215.山本五十六海軍大将(15)山本大将は大艦巨砲主義者を時代遅れの遺物として評価しなかった

2010年05月07日 | 山本五十六海軍大将
 昭和十六年十一月十三日、連合艦隊司令部は、南遣艦隊を除く各艦隊の司令長官、参謀長、先任参謀らを岩国海軍航空隊に参集させ、真珠湾攻撃の作戦命令の説明と打ち合わせを行った。

 山本五十六連合艦隊司令長官は、説明を行い、最後に「ワシントンで行われている日米交渉が成立した場合には、出動部隊に「引き揚げを命じるから、その命令を受けた時は、たとえ、攻撃隊の母艦発進後であっても直ちに反転、帰航してもらいたい」と付け加えた。

 すると、先ず、機動部隊の司令長官・南雲忠一中将(海兵三六・海大一八)が「出て行ってから帰って来るんですか? そりゃ無理ですよ。士気にも影響するし、そんなことは実際問題としてとてもできませんよ」と反対した。

 二、三の指揮官もこれに同調した。さらに南雲中将は「それでは、まるで、出かかった小便をとめるようなものですよ」と述べた。

 これに対し山本司令長官は「百年兵を養うは、何のためだと思っているか。もしこの命令を受けて、帰って来られないと思う指揮官があるなら、只今から出動を禁止する。即刻辞表を出せ」と言った。言葉を返す者は一人もいなかった。

 航空本部長から第四艦隊司令長官に変わった井上成美中将は、連合艦隊の作戦会議に顔を出すのはこれが初めてであった。

 一同勝栗とするめで祝杯を上げ、記念撮影をして解散になったあと、井上中将が岩国航空隊司令の部屋に入って見ると、岩国の深川という料亭で開かれる夜の慰労会までの時間を持て扱いかねたように、山本五十六大将が一人ぽつねんとソファに座っていた。

 「山本さん」と井上中将は声をかけた。続けて井上中将は「とんでもないことになりましたね。長谷川(清)さん(海兵三一・海大一二次席)は、大変なことになるぞ、工業力は十倍だぞ、と言っておられましたよ。だけど、大臣はどういうんですかね。発つとき、岩国に行ってきますと言って大臣にも挨拶をしたんですが、嶋田さんときたら、ニコニコして、ちっとも困ったような様子じゃありませんでしたよ」と山本司令長官に言った。

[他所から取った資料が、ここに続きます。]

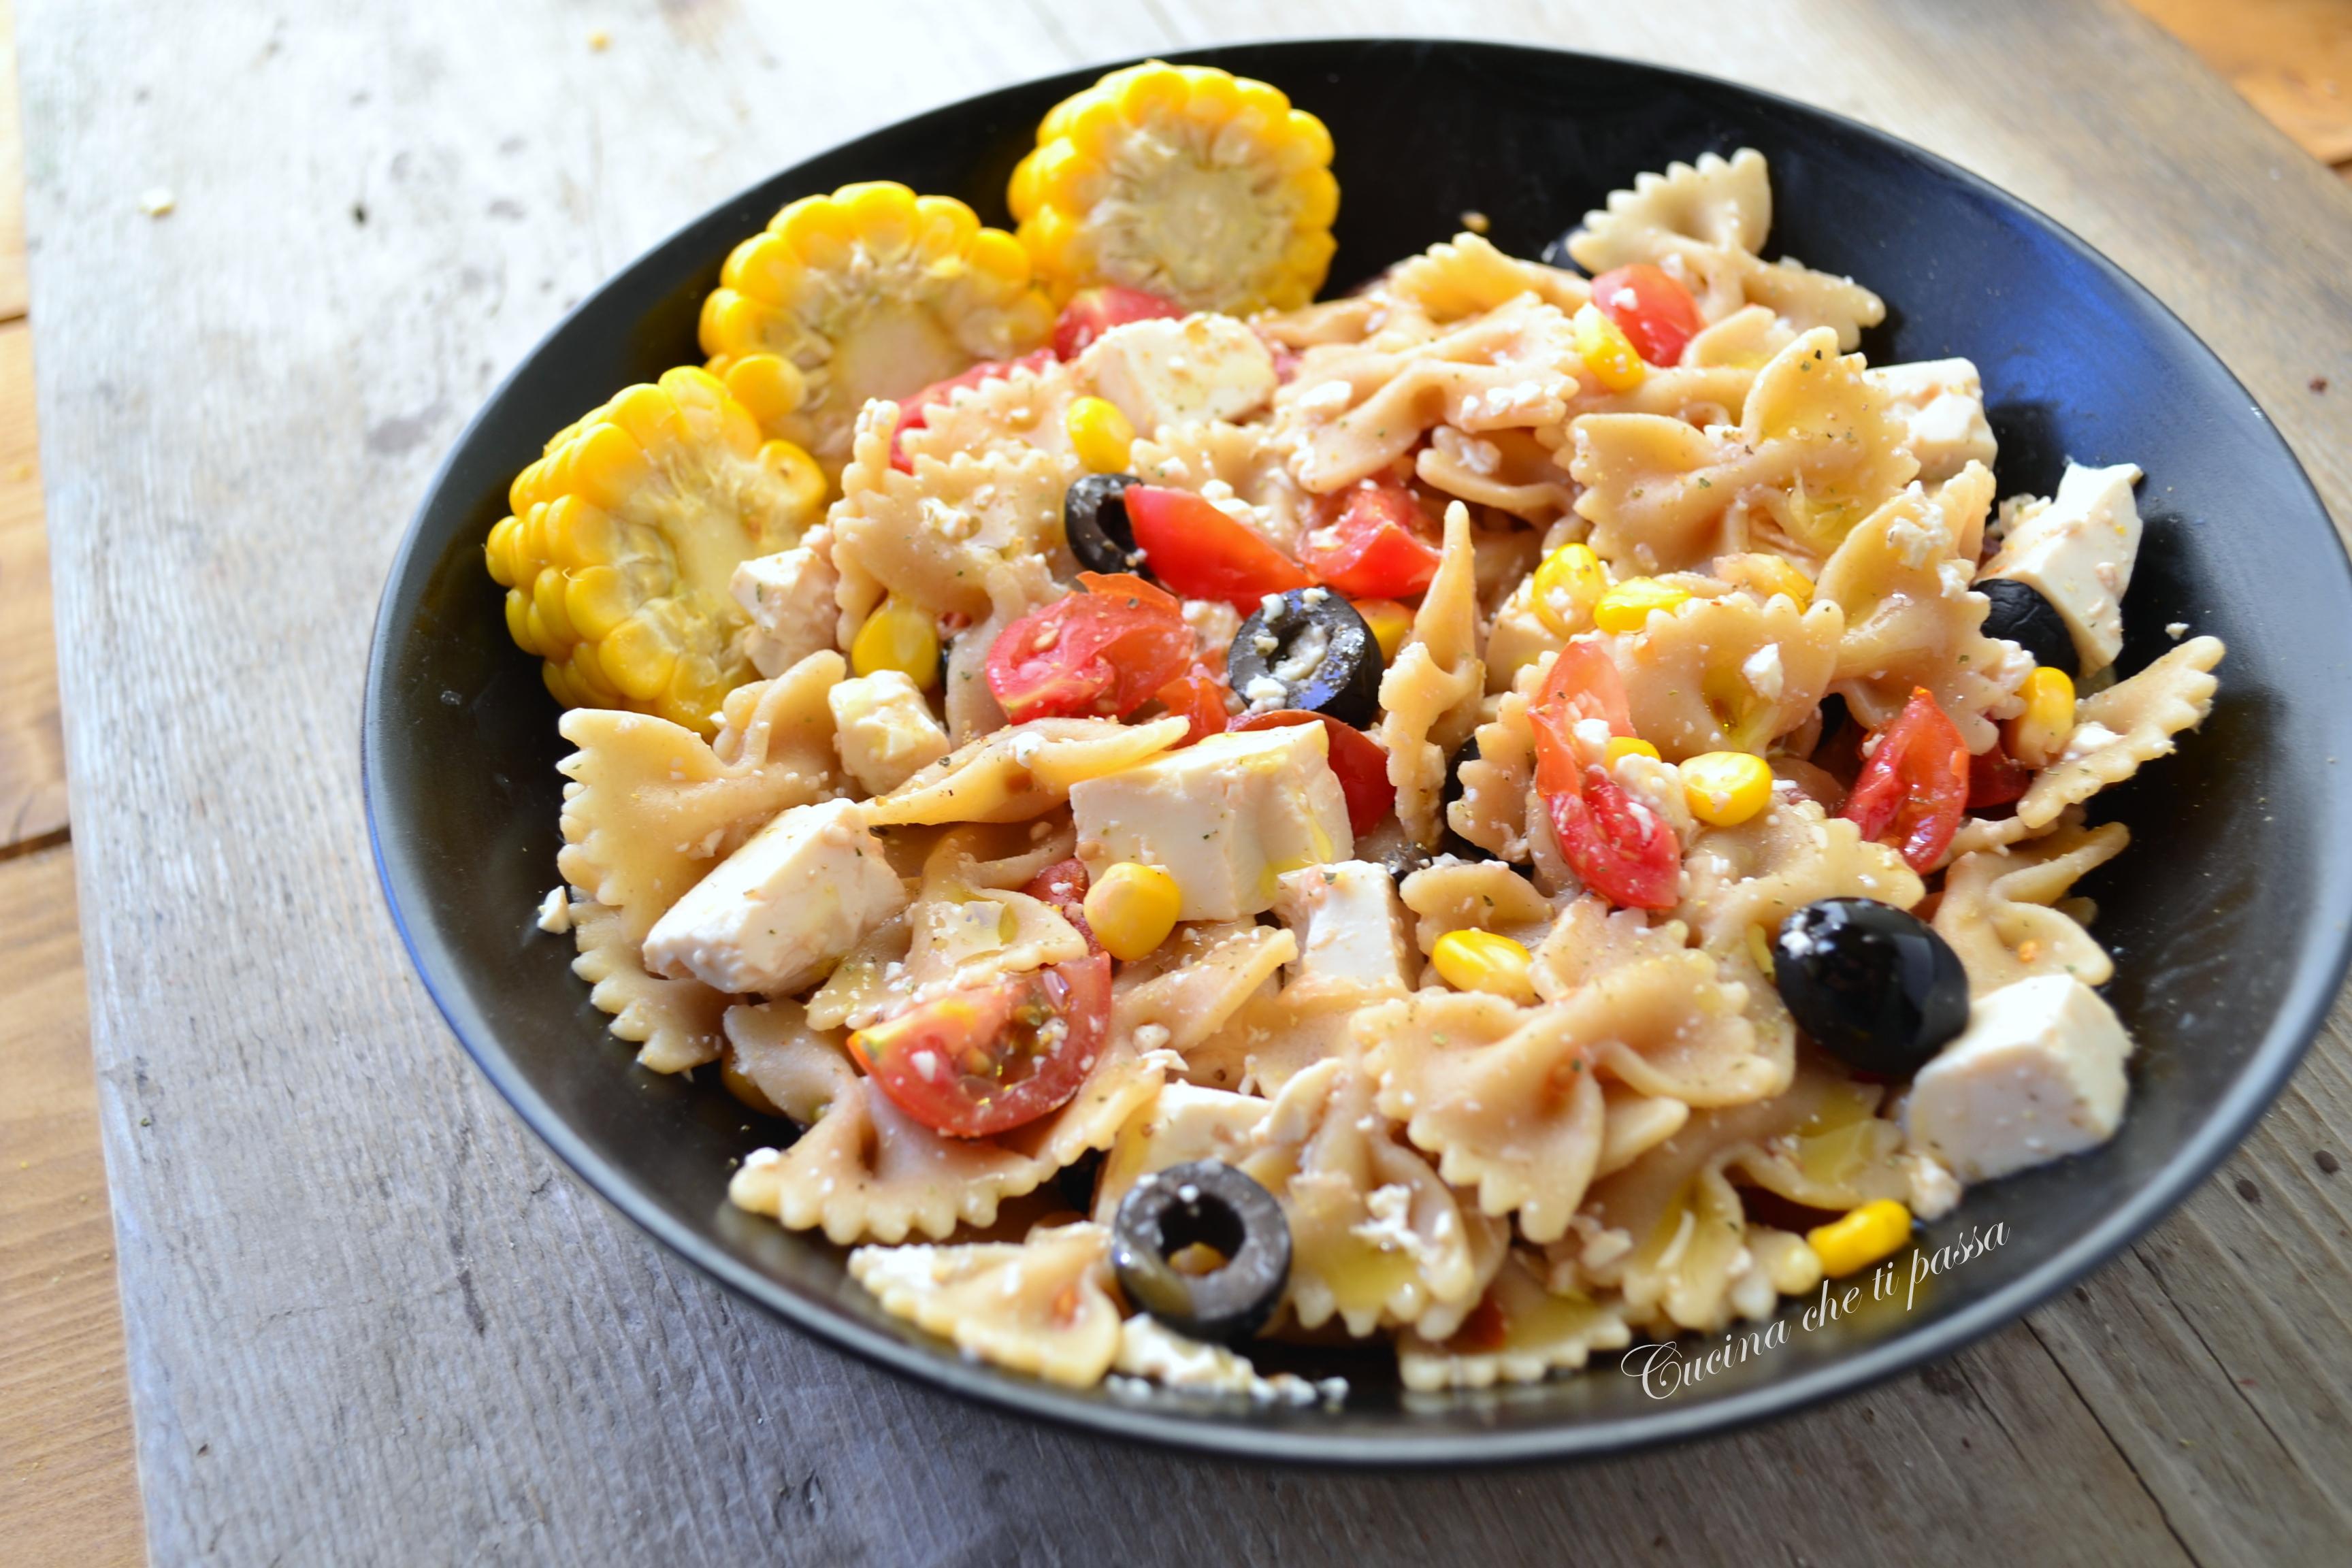 Favorito Insalata di pasta vegana con tofu | Cucina che ti passa ZJ13

 すると山本司令長官は「そうだろ。嶋ハンはオメデタイんだ」と、悲痛な顔をして見せた。

 しかし、井上の知る限り、山本五十六が戦争反対を匂わす言葉を口にしたのは、これが最後であった。陛下の胸中はよく分かっているとはいえ、すでに聖断が下ったのであって、少なくとも公にはこの日以来、山本は一切の反戦論を口に出さなくなったといわれている。

 昭和十六年十二月八日、真珠湾攻撃が行われ、太平洋戦争が勃発した。山本五十六大将が指揮する日本の連合艦隊は機動部隊の奇襲作戦が成功し大戦果をあげた。

 「山本五十六の無念」(半藤一利・恒文社)によると、真珠湾奇襲作戦が成功した後、戦艦長門では、山本司令長官は再び作戦室に姿を見せた。

 作戦室では参謀長・宇垣纏少将と先任参謀・黒島亀人大佐(海兵四四・海大二六)が烈しく対立していた。

 元々、宇垣参謀長と、黒島先任参謀は、よく意見の相違があり、対立していた。だが、山本司令長官は黒島先任参謀を重用していたので、宇垣参謀長は連合艦隊司令部では浮いた存在だった。

 宇垣参謀長は海兵四〇期を百四十四人中九番という優秀な成績で卒業している、その後、海軍の主流とも言うべき砲術畑で経験を積み軍令系のポストを歴任した。当時の海軍では典型的なエリートコースだった。

 したがって、宇垣参謀長は大艦巨砲主義の忠実な信奉者だった。だから航空主兵主義の山本司令長官と、コチコチの大艦巨砲主義の宇垣参謀長は元来そりが合わなかった。

 真珠湾攻撃の後、昭和十六年十二月十日、マレー沖海戦で、基地航空部隊がイギリス戦艦二隻を撃沈した時も、宇垣参謀長の日記「戦藻録」には次のように記されている。

 「~又しても飛行機に功を脾肉の嘆ありとの通信あり。尤もなる次第なるも戦は永し。色々の状況は今後も起こるべし。主力艦の巨砲大に物を云うことありと知らずや」

 この時点でも、宇垣参謀長の大艦巨砲に対する信念はいささかも揺るがなかった。ところが、山本大将は大艦巨砲主義者を時代遅れの遺物として評価しなかった。

 また、宇垣参謀長は軍令部第一部長時代に日独伊三国同盟に賛成した者の一人だった。日独伊三国同盟に命を張って反対した山本司令長官とは対立の極にあった。

 だから、当初、宇垣が連合艦隊参謀長に予定された時には、山本司令長官が拒否して、この人事は流れている。

 海軍首脳としても、当時、連合艦隊参謀長としての適任者は、宇垣しかいなかったので、後に連合艦隊参謀長人事に宇垣を強行してしまった。

 だが、だが宇垣少将が参謀長に就任しても、連合艦隊司令部では、作戦は山本司令長官、黒島先任参謀、渡辺安次戦務参謀(海兵五一・海大三三)というラインが出来上がっており、宇垣参謀長はそのラインに食い込むことはできす、常に浮いた存在だった。

 とりわけ黒島先任参謀を山本長官は懐刀として重用していた。だが、宇垣参謀長は性格的に気が強く、自信家であった。

 その宇垣参謀長は、真珠湾攻撃が成功した後、その再攻撃に猛反対した。黒島先任参謀や他の参謀達はもう一度真珠湾を叩くべきだと主張していた。